Peninah Munyua, CDC-Kenya, Influenza Program, P.O Box 606, Village Market 00621, Nairobi, Kenya. E-mail: firstname.lastname@example.org
Please cite this paper as: Munyua et al. (2013) Detection of influenza A virus in live bird markets in Kenya, 2009–2011. Influenza and Other Respiratory Viruses 7(2), 113–119.
Background Surveillance for influenza viruses within live bird markets (LBMs) has been recognized as an effective tool for detecting circulating avian influenza viruses (AIVs). In Sub-Saharan Africa, limited data exist on AIVs in animal hosts, and in Kenya the presence of influenza virus in animal hosts has not been described.
Objectives This surveillance project aimed to detect influenza A virus in poultry traded in five LBMs in Kenya.
Methods We visited each market monthly and collected oropharyngeal and cloacal specimens from poultry and environmental specimens for virological testing for influenza A by real time RT-PCR. On each visit, we collected information on the number and types of birds in each market, health status of the birds, and market practices.

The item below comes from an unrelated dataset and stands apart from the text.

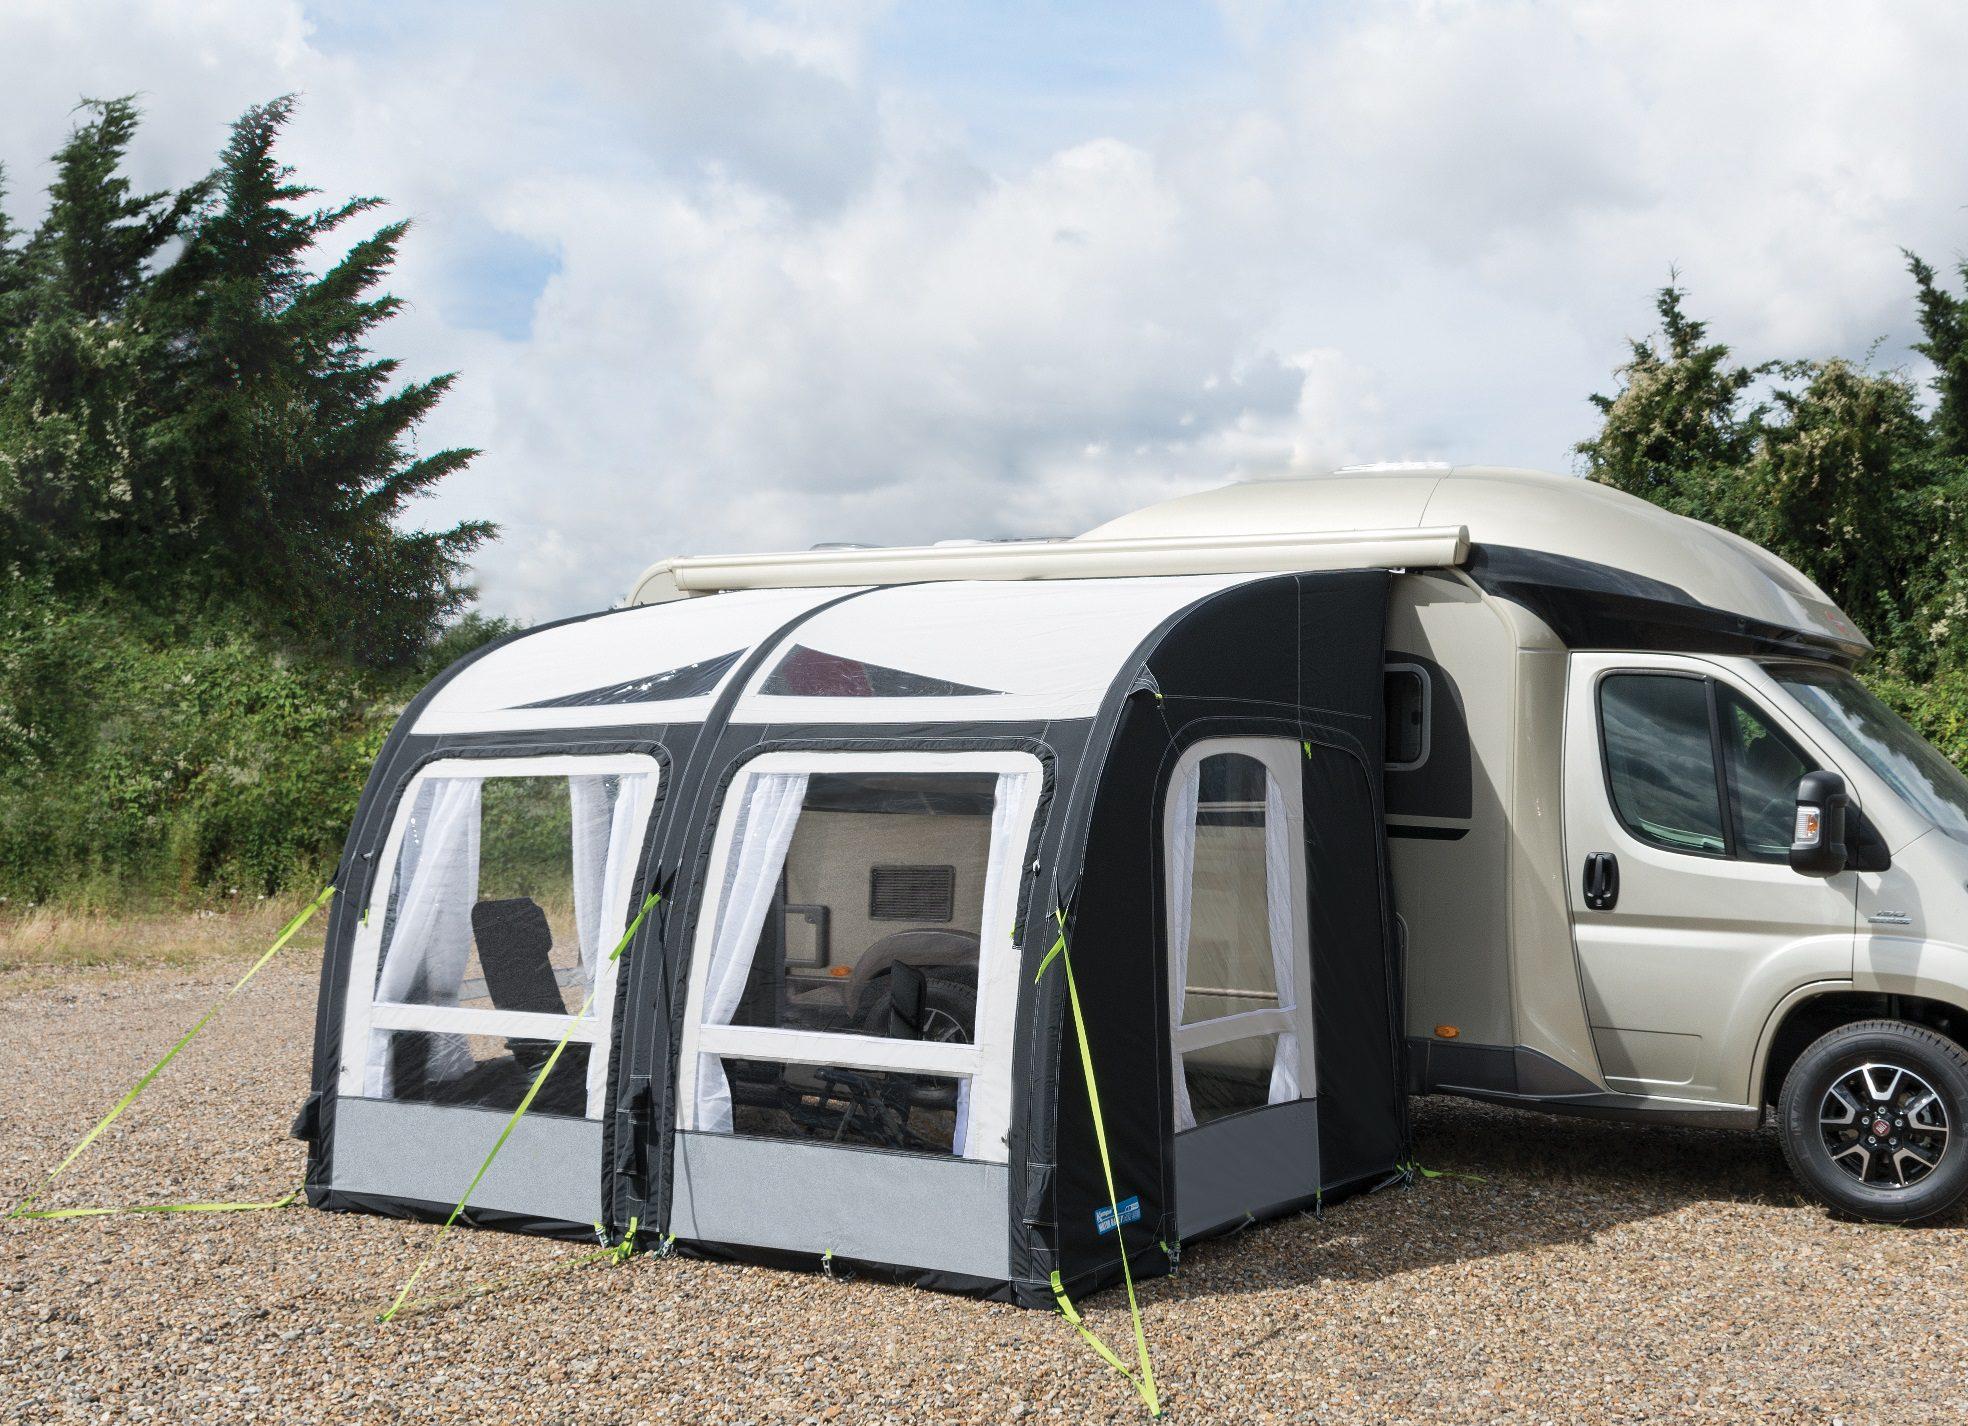 Kampa Motorhome Awnings Motorhome Awnings Norwich Camping

Results During March 24, 2009–February 28, 2011, we collected 5221 cloacal and oropharyngeal swabs. Of the 5199 (99·6%) specimens tested, influenza A virus was detected in 42 (0·8%), including 35/4166 (0·8%) specimens from chickens, 3/381 (0·8%) from turkeys, and 4/335 (1·2%) from geese. None of the 317 duck specimens were positive. Influenza was more commonly detected in oropharyngeal [33 (1·3%)] than in cloacal [9 (0·4%)] specimens. None of the 485 environmental specimens were positive. Virus was detected in all five markets during most (14/22) of the months. Ducks and geese were kept longer at the market (median 30 days) than chickens (median 2 days).
Conclusions Influenza A was detected in a small percentage of poultry traded in LBMs in Kenya. Efforts should be made to promote practices that could limit the maintenance and transmission of AIVs in LBMs.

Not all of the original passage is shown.